Given material:
⟨

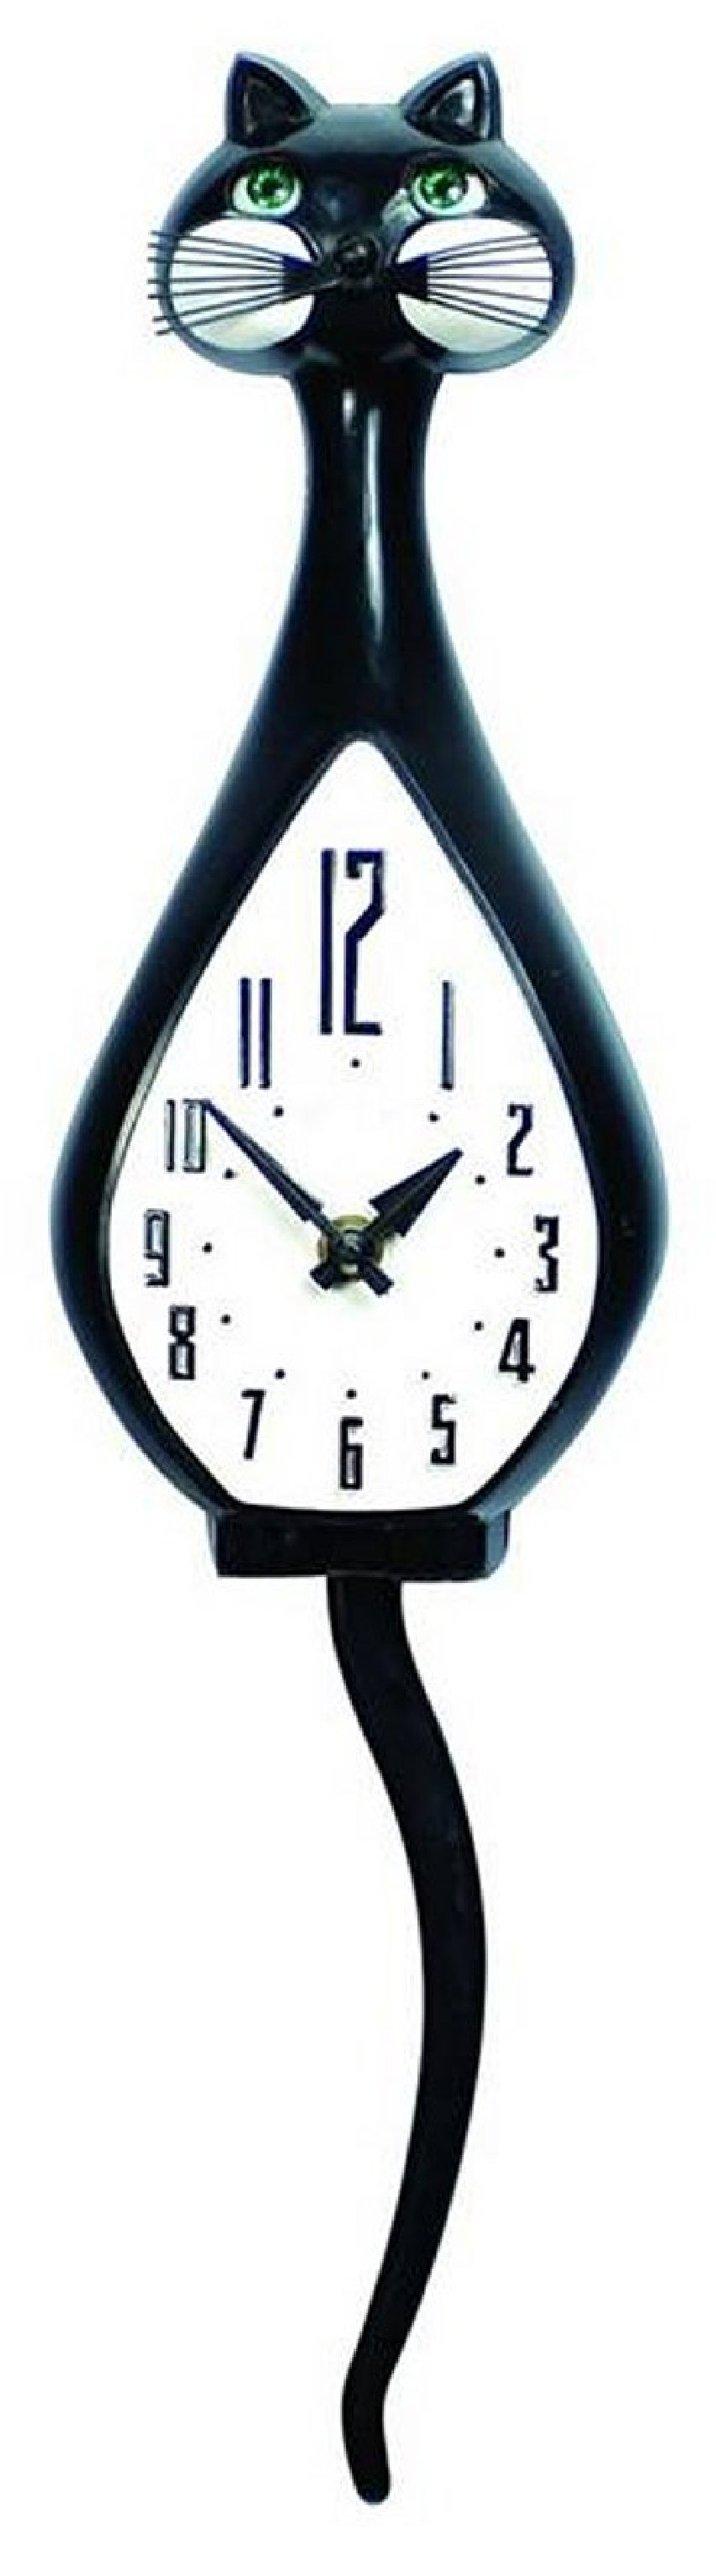 Simone Black Animated Wall Clock
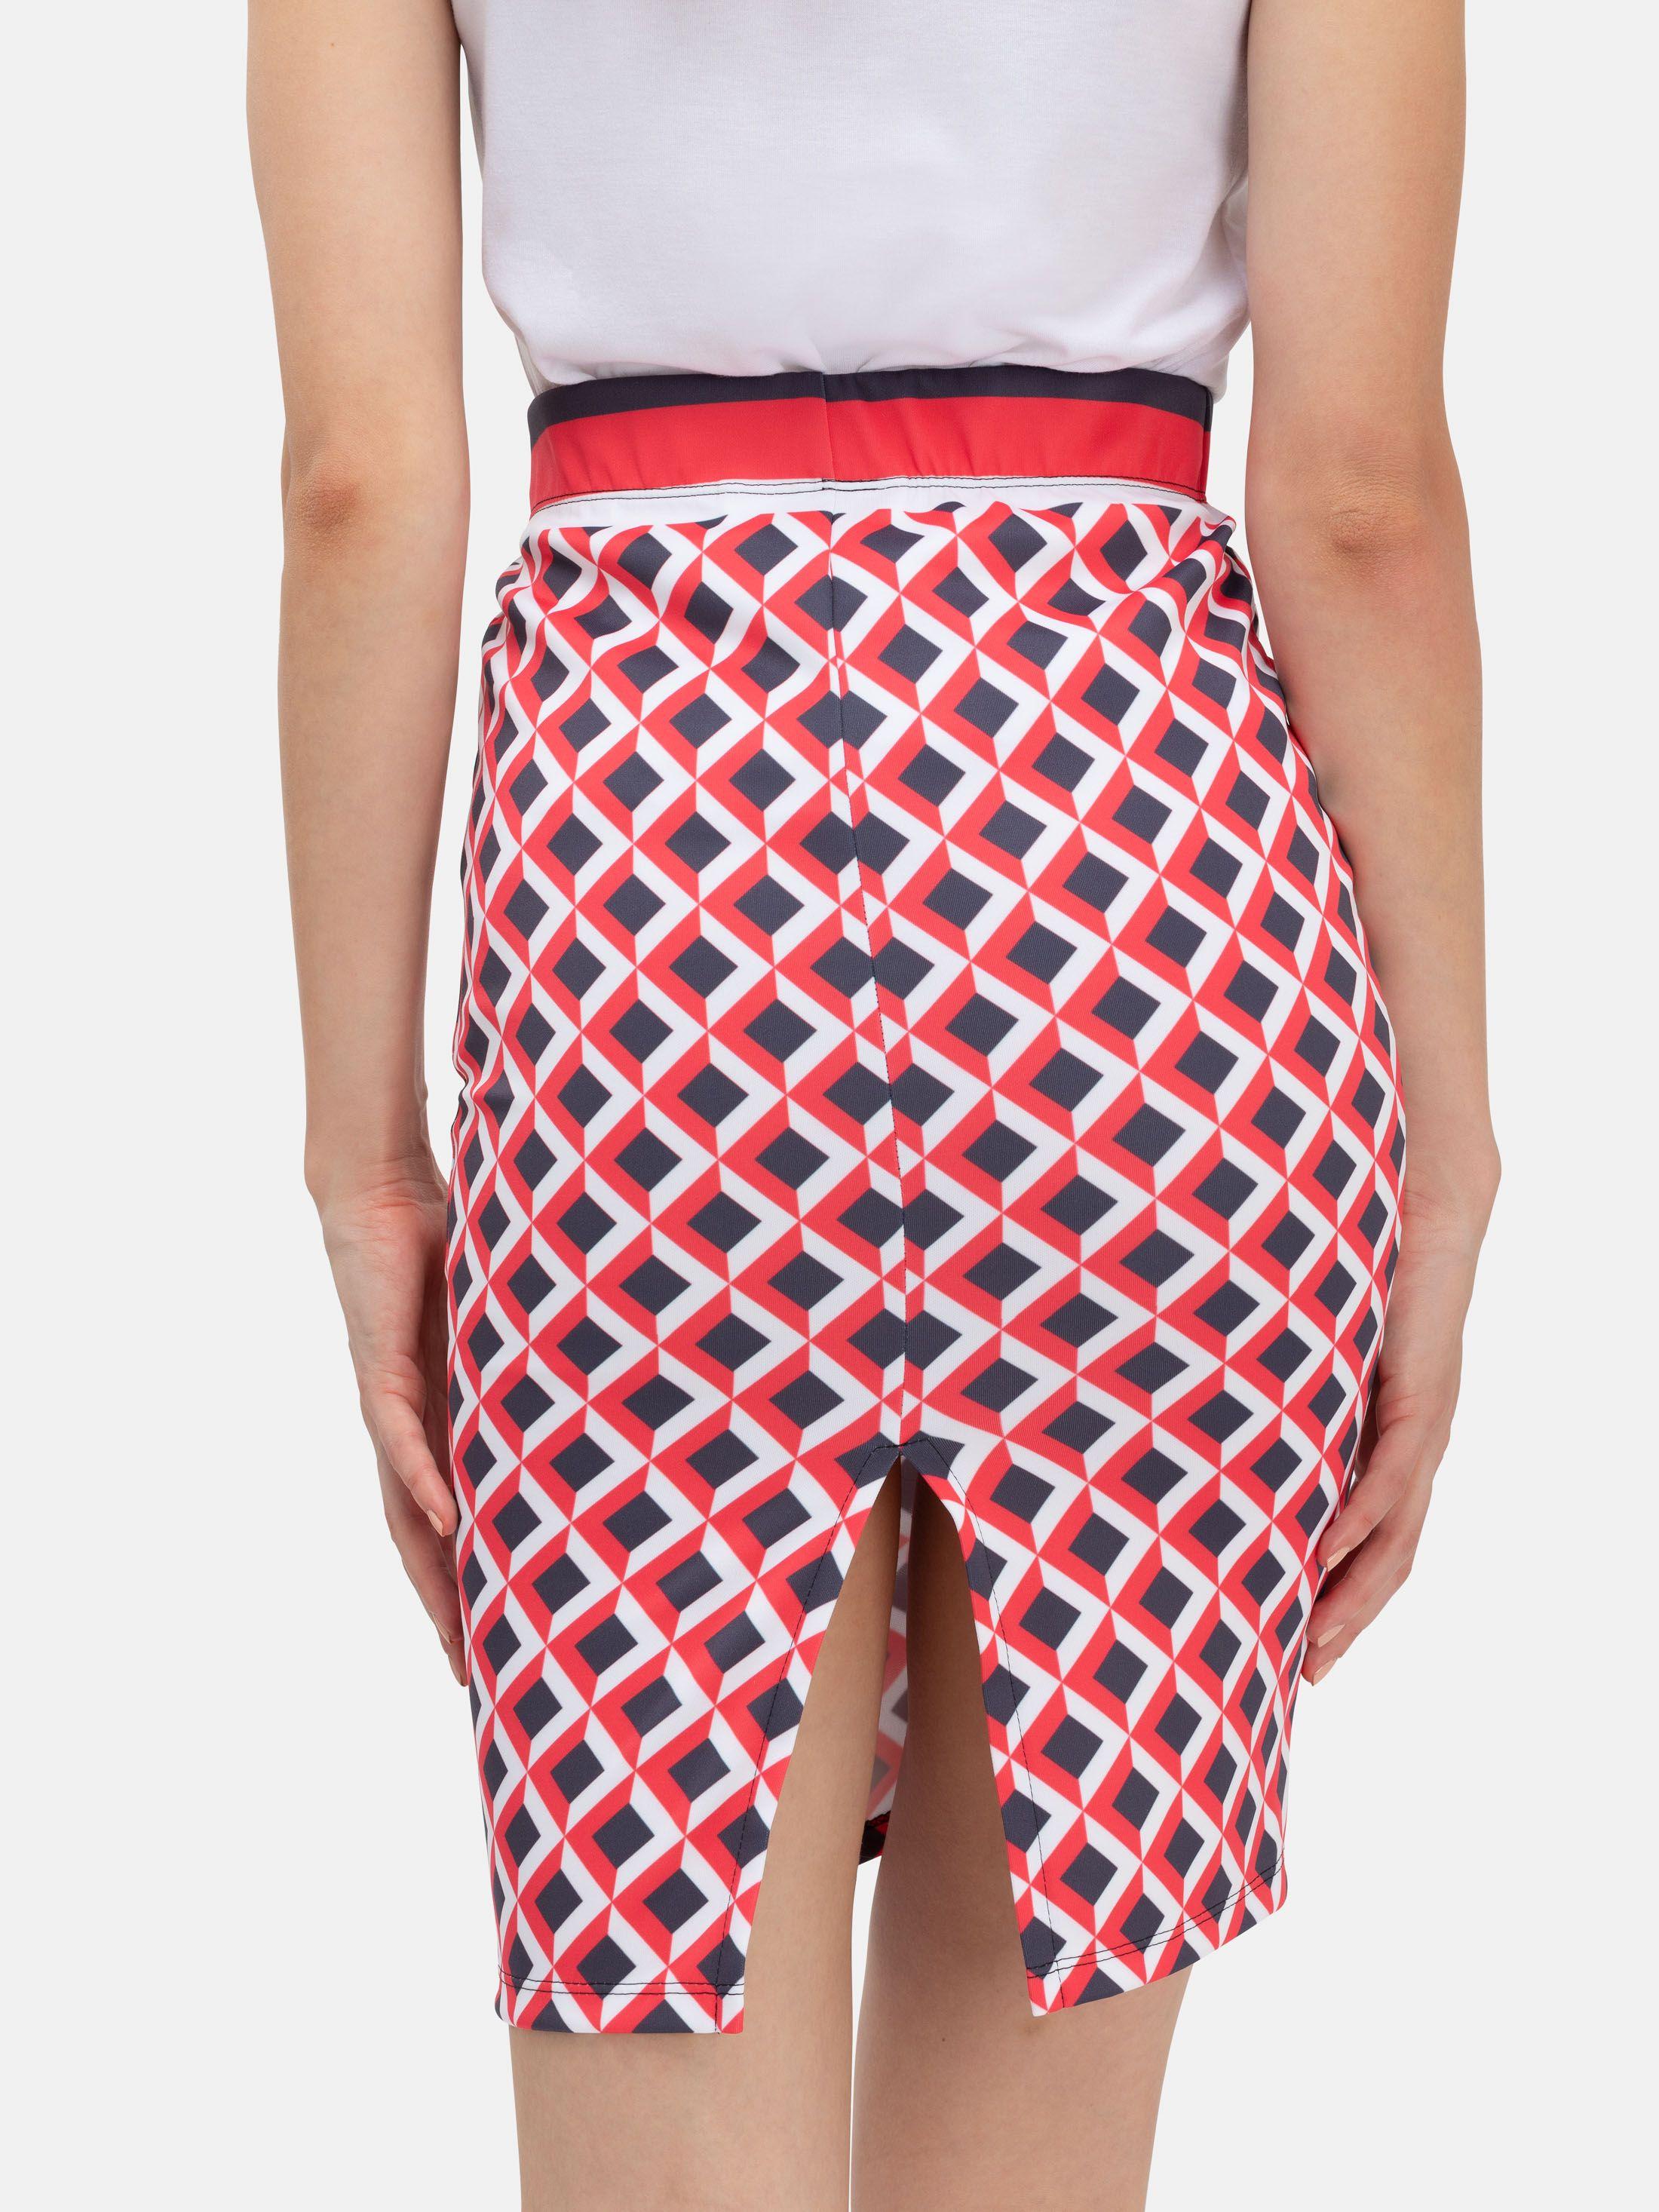 custom design pencil skirts
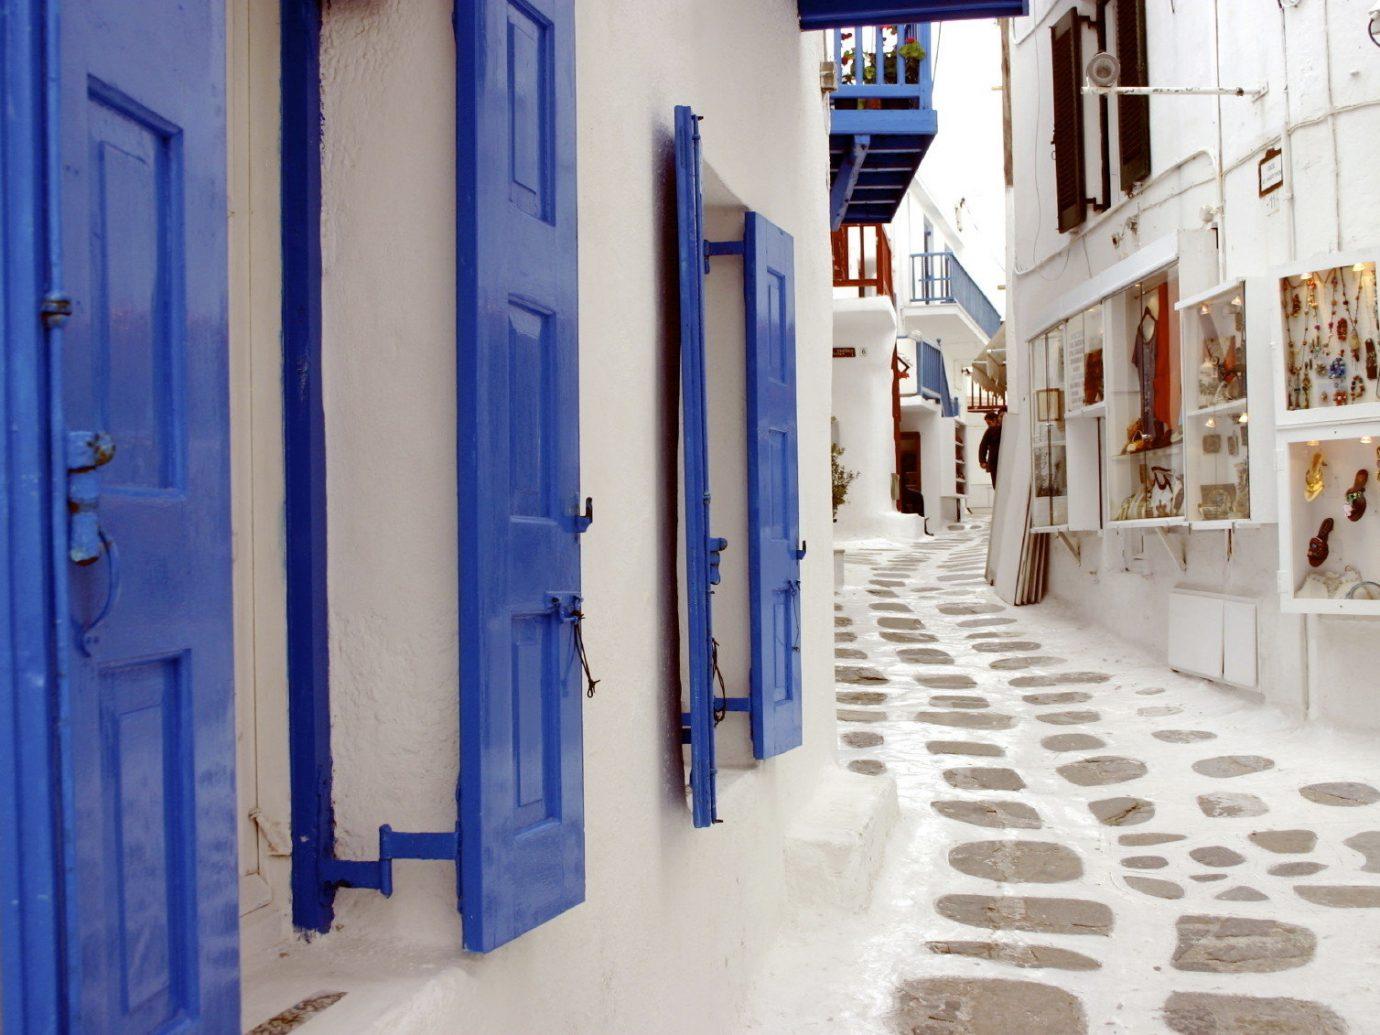 Romance Trip Ideas color indoor blue wall Architecture street art interior design facade hall

⟩

Task details: Copy the data character for character, but drop all pictures from the copy.

Written response:
 Simone Black Animated Wall Clock
 custom design pencil skirts
 Romance Trip Ideas color indoor blue wall Architecture street art interior design facade hall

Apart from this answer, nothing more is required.